惟按被害人所親身經歷之被害供述,本質上與證人之陳述無異,如以之為認定犯罪事實之依據時,必須踐行法定之證人調查程序,始具證據能力。本件原判決以被害人翁○宏於民國九十年七月二十日在原審之供述(原判決第二四頁),作為認定犯罪事實之依據,並未踐行法定之證人調查程序,自非適法。又認定犯罪事實,應憑證據,如未能發現相當證據,或證據不足以證明,自不能以推測或擬制之方法,以為裁判之基礎。再,犯罪之動機與犯罪之決意不同,雖犯罪之決意,大部分有一定之動機,但動機千差萬別,就殺人而言,有殺人之動機,並不當然等同即有殺人之決意,而是否有殺人之決意,其應依憑證據認定之,自不待言。又同謀共同正犯中僅參與同謀之正犯,對於其與下手實施犯罪構成要件行為之正犯如何謀議之事實,應以積極證據嚴格證明之,始得採為認定之基礎。

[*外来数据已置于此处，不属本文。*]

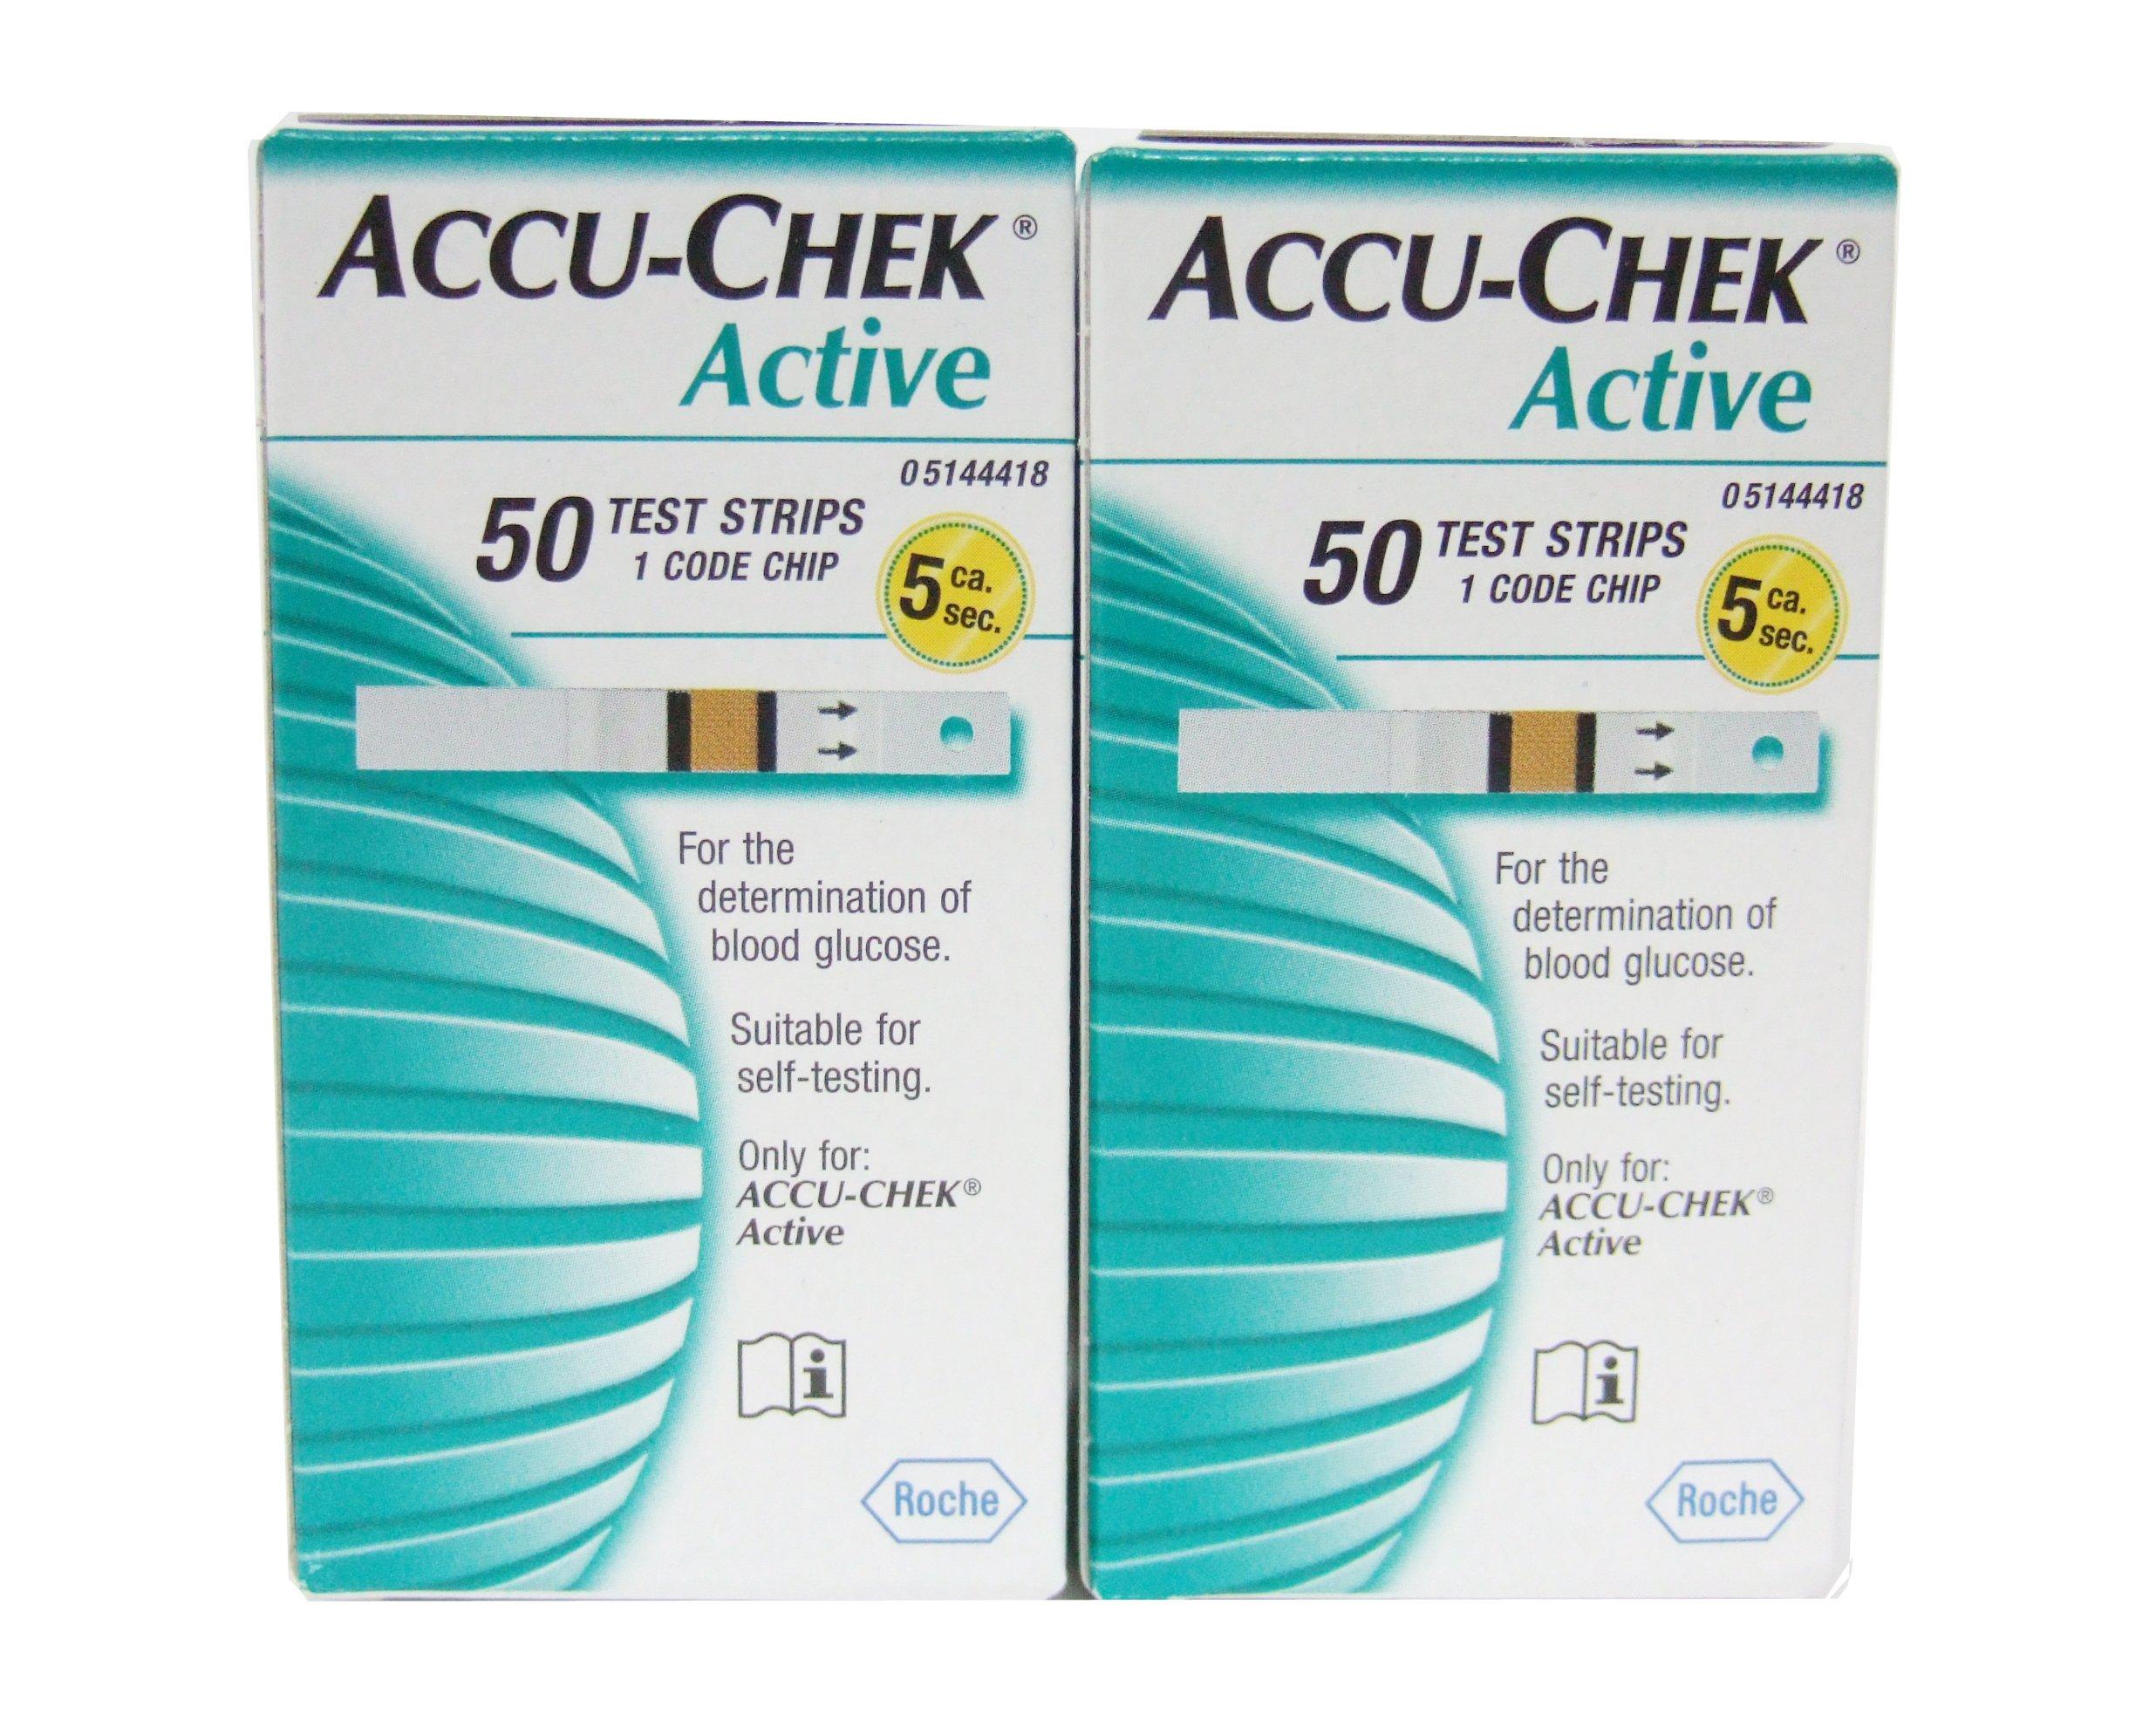 Roche ACCU-CHEK Active Diabetic Test Strips - Box of 50 (2box)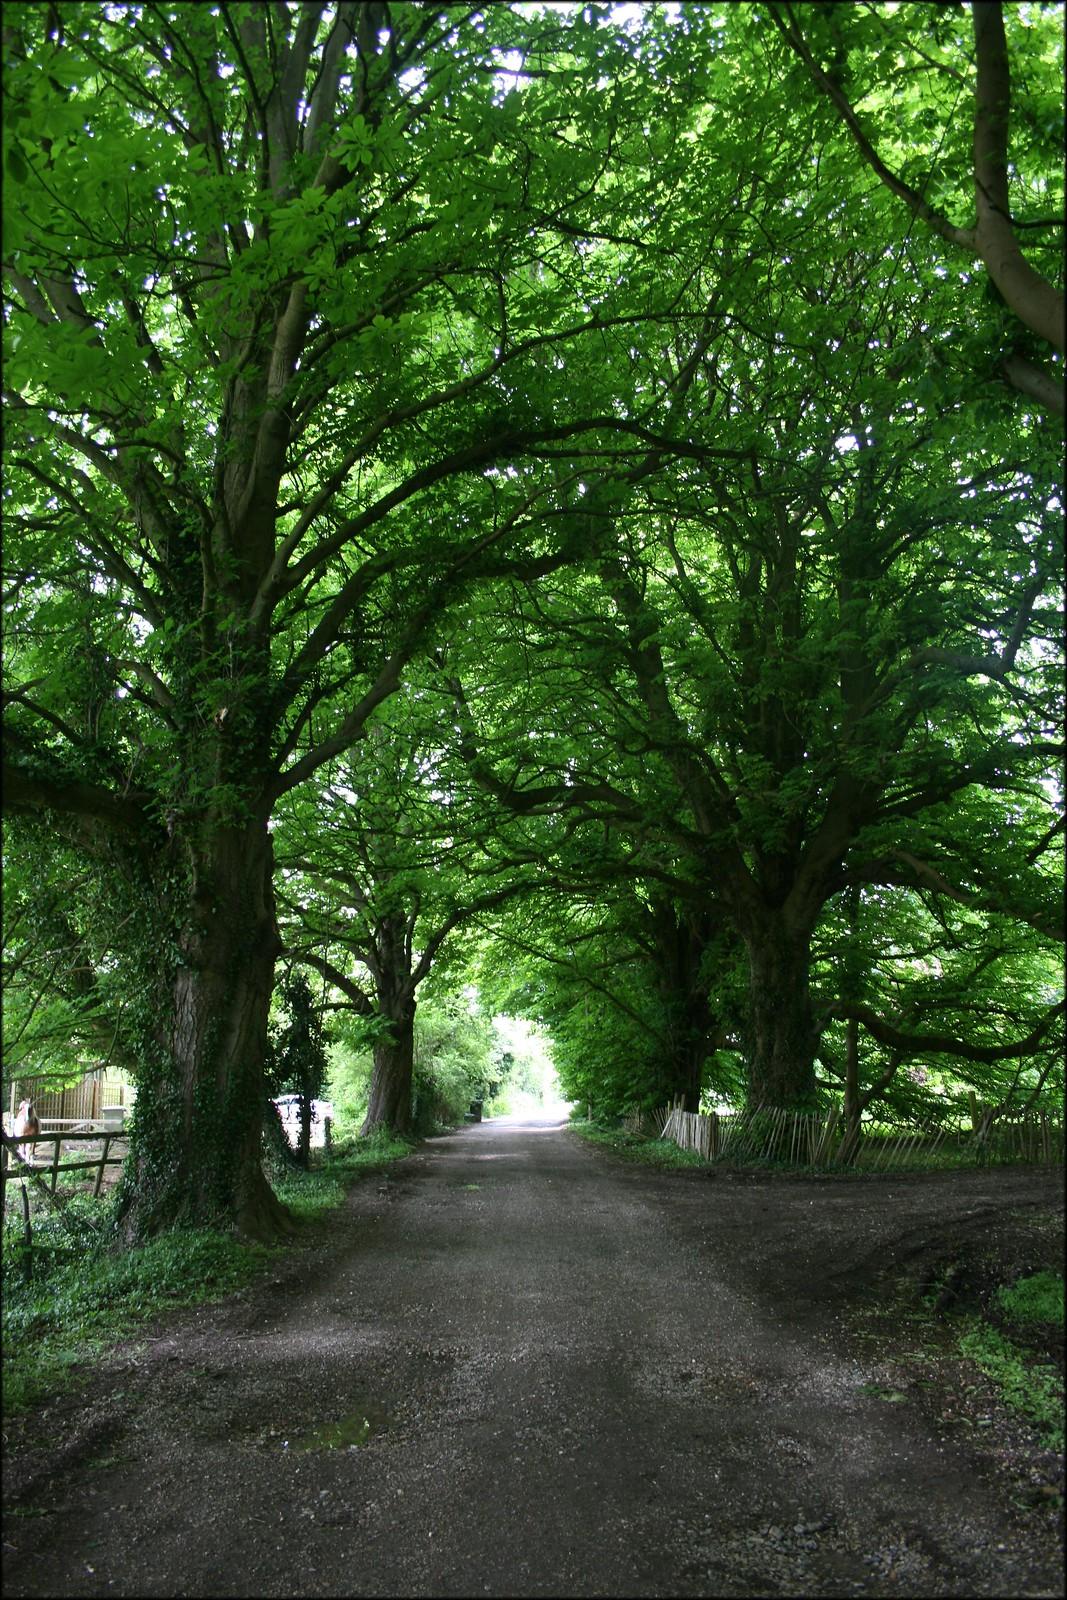 Wooded track near Aldermaston

本件原判決既認定上訴人與陳姓少年於八十七年十月十八日晚上,在陳姓少年工作之PUB店內共同謀議而基於共同殺害翁○宏之犯意聯絡,推由陳姓少年下手實施,商量既定後,翌日而有原判決事實欄所記載之殺害翁○宏未遂之事實,但原判決對於上訴人如何與陳姓少年在其工作之PUB店內共同謀議殺害翁○宏又推由陳姓少年下手之事實部分,並未據原判決說明其依憑之證據。且上訴人在警訊或第一審時,均稱:「陳姓少年表示要報復」、「陳姓少年表示幫我報仇去砍翁」,均為上訴人所拒絕等語(見原判決第四、五頁),陳姓少年在偵查及第一審亦分別稱:因為上訴人與翁○宏打架糾紛,上訴人被送感化教育,要給他教訓,雖然上訴人不計較,但伊看不過去,為了替上訴人出氣,上訴人並未叫伊去砍翁○宏云云(見原判決第九至一八頁),證人杜○揚、黎○孝、邱○壕、吳○峻之證言,亦未指上訴人有與陳姓少年有共同謀議而推由陳姓少年下手殺害翁○宏之情形(見原判決第二四至二六頁),果爾,遽以上訴人
因與翁○宏間有打架糾紛,被第一審法院少年法庭裁定,令入感化教育處所,施以感化教育,銜恨在心,而有殺害翁○宏之動機,即推論上訴人有與陳姓少年共同謀議殺害翁○宏,推由陳姓少年下手實施,而應就陳姓少年嗣後殺害翁○宏未遂之行為,負共同正犯之責任,自嫌速斷,揆之上開說明,自有再加調查、審認之必要。又依原判決事實之認定:上訴人與陳姓少年先至文良飲食店預先等候翁○宏,嗣見翁母翁蕭○珍以機車後載翁○宏經過時,陳姓少年即騎機車尾隨,俟翁○宏在苗栗縣頭份鎮中華路與中正路口下車,獨自往苗栗客運頭份總站方向行走時,陳姓少年即以預藏之水果刀刺殺翁○宏等情,查與陳姓少年在原審之證言:陳姓少年係與上訴人在文良飲食店吃早點,吃到一半,即自行離去,先至翁○宏住宅旁空地等,看到他出來,即尾隨之等語(見原判決第一六、一七頁),並不相符,原判決就此部分並未說明其證據取捨及判斷之理由,亦非適法。另原判決以上訴人「選擇感化教育報到當天行兇,本意當是其已去報到受感化教育,可以成為其不在場之證明,孰料當天因颱風停止上班,因而未去報到,實可謂『天網恢恢,疏而不漏』。」,以宗教、道德之觀點論述,並非妥適,合予指明。上訴意旨指摘原判決不當,尚非全無理由,應認有撤銷發回更審之原因。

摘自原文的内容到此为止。